When biofeedback was comparatively a new technique, the recording equipment was often ‘hooked’ lightly to the area of one’s interest and connected to the biofeedback instrument by wires. This allowed the quiet electrical, or any other, activity to be evaluated — allowing for shifting numerical scores to emerge — all of them with the view of effectively measuring a sensation. A person, for example, would ‘visualise’ images that moved them for a particular purpose. Or, one could ‘connect’ to the sun warming them — while elevating the temperature of one’s hands made clammy by anxiety.

How does a typical biofeedback session work? This is, of course, subject to vary from one individual to the other — from 25-45 minutes, or more. The duration of treatment, likewise, is subject to differ. Most biofeedback practitioners suggest that treatment is best terminated, or suspended, when the patient has realistically worked, learned and promoted a habit strong enough to be incorporated into their self-image — one that has given the maximum benefit, or relief. They also aver that it would be more than helpful for the individual to understand when a ‘booster’ session is needed to derive better treatment outcomes, or results.

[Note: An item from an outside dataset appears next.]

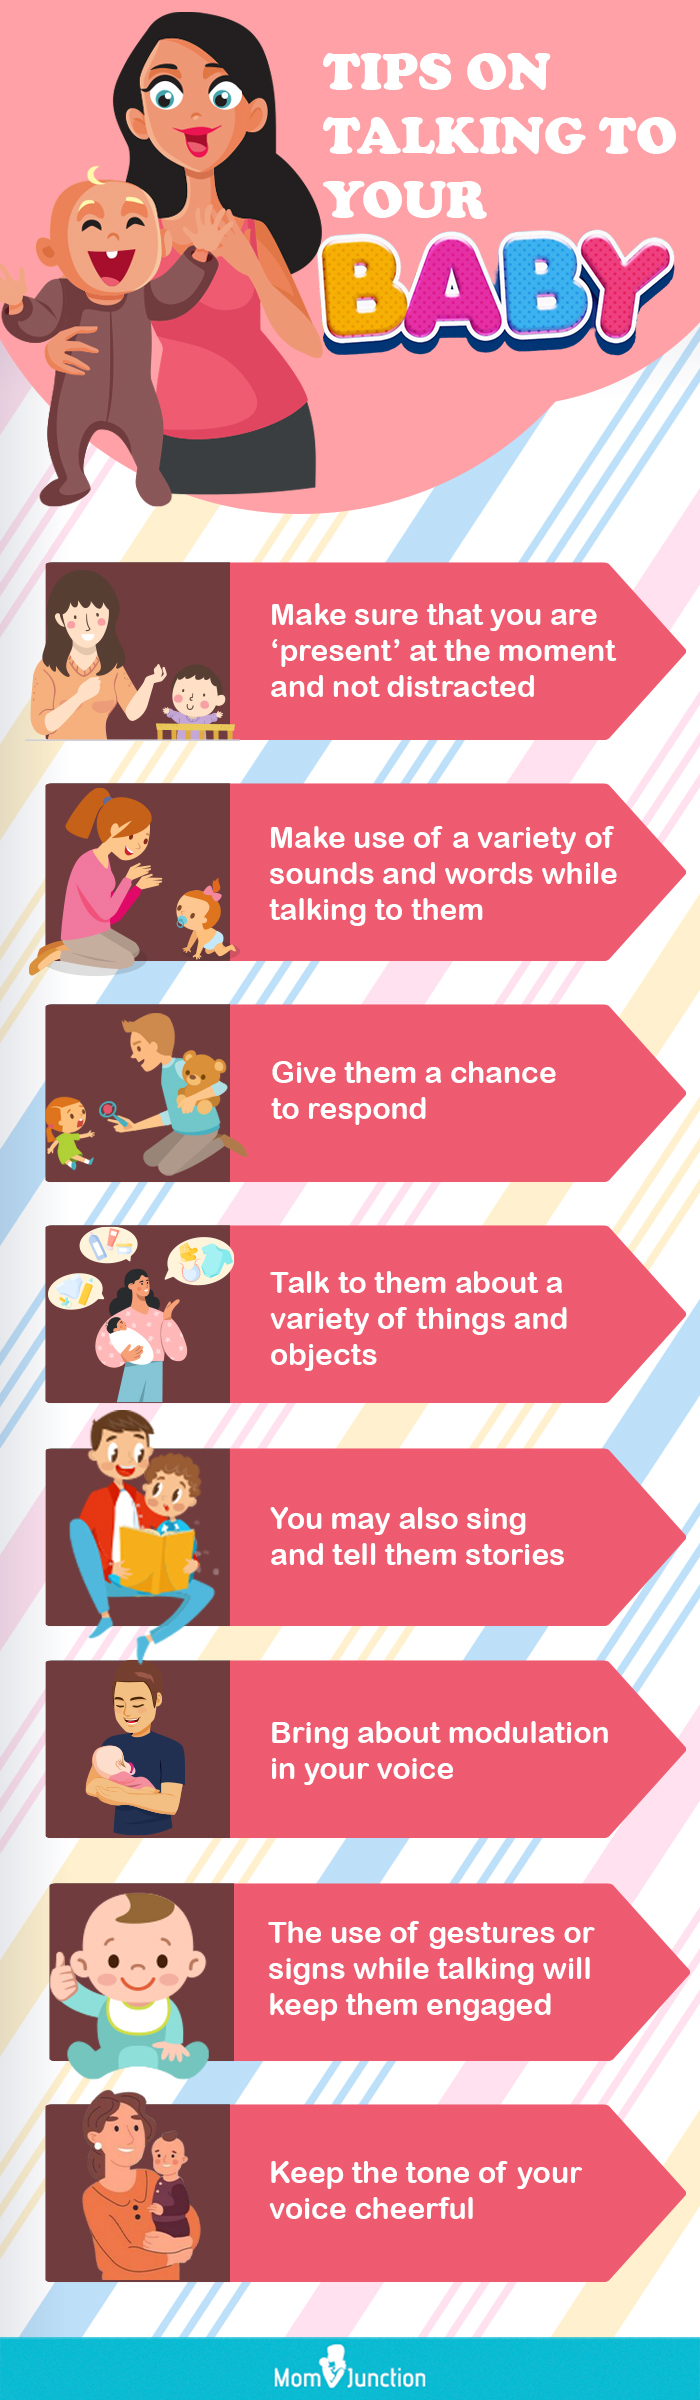 tips on talking to your baby [infographic]
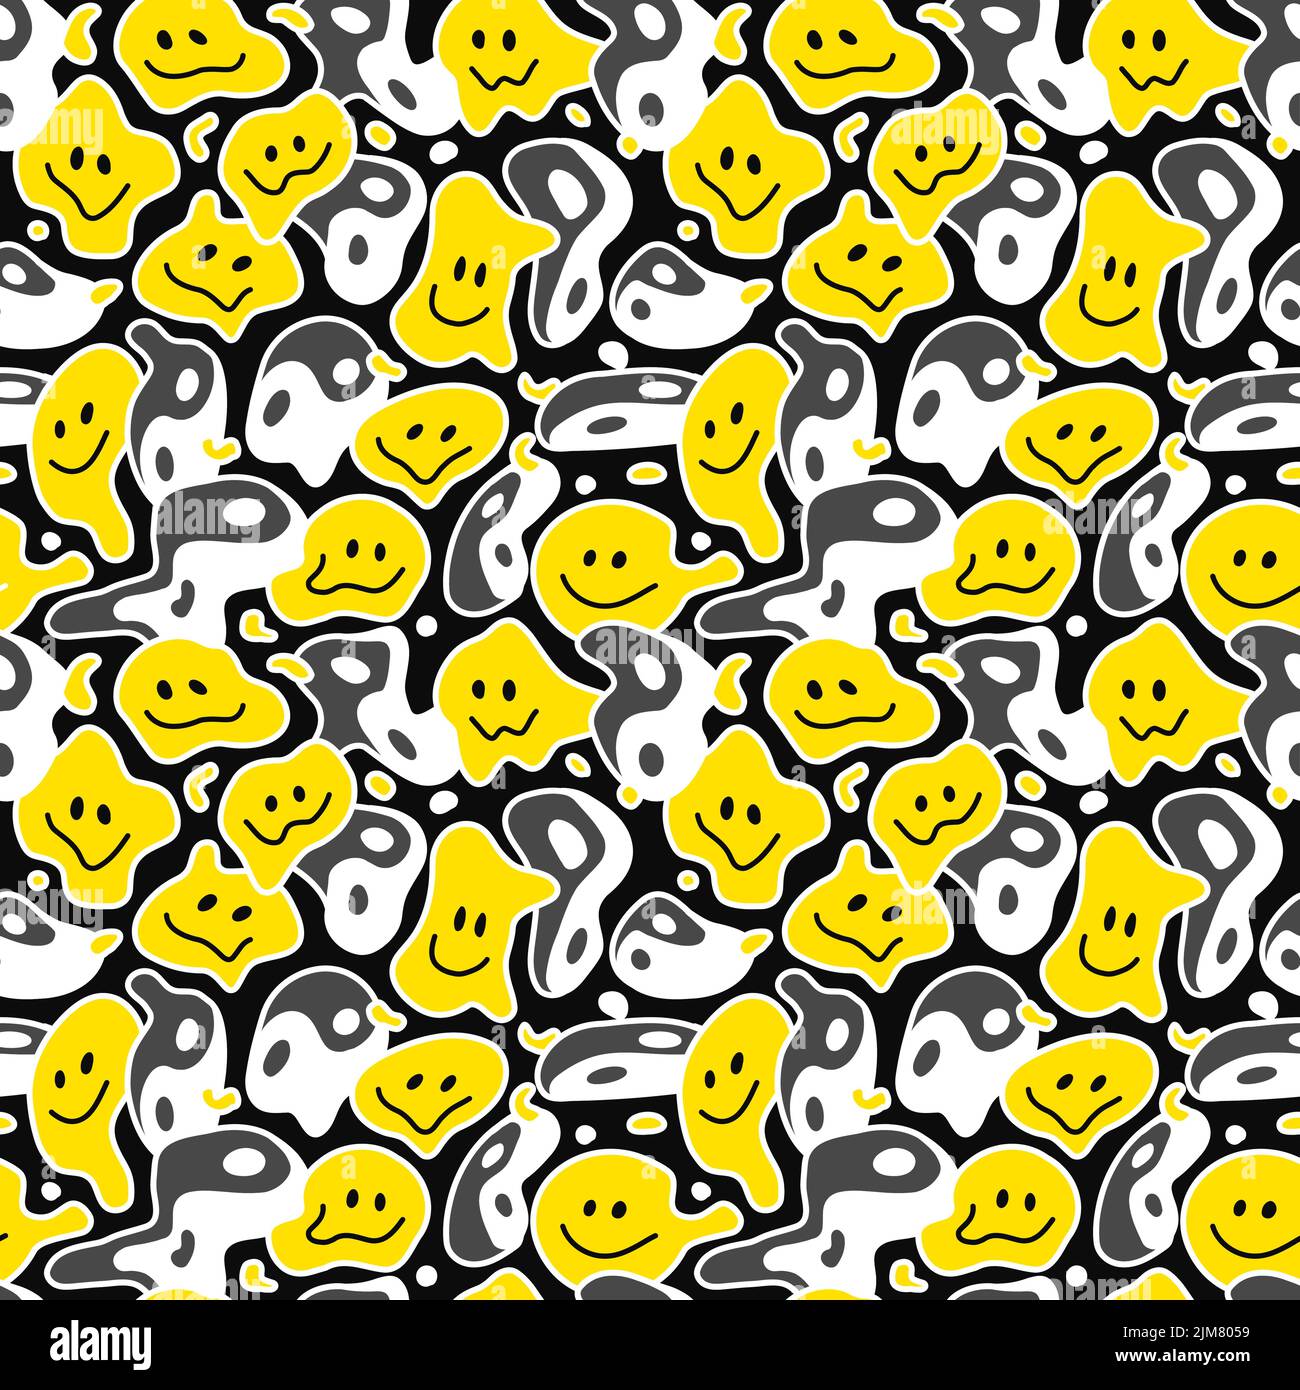 Psychedelic deformed wavy smile face and Yin Yang seamless pattern. Vector hand drawn line doodle cartoon illustration wallpaper. Trippy lsd print,Yin Yang,smile face seamless pattern concept Stock Vector

Biofeedback has, doubtless, proven its clinical efficacy in specific disorders, such as phobias, drug and alcohol abuse, headaches — especially migraines — sleep issues, torticollis, or wry neck, high blood pressure, pain syndromes, allergies and asthma, certain psychiatric conditions, such as anxiety and depression, irritable bowel syndrome [IBS], etc., where the treatment is a much preferred choice, not to speak of neuromuscular rehabilitation, particularly for early recovery following paralytic attack. What’s more, biofeedback has been successfully employed in space physiology. It helps astronauts to adapt themselves better to zero-gravity ‘blues.’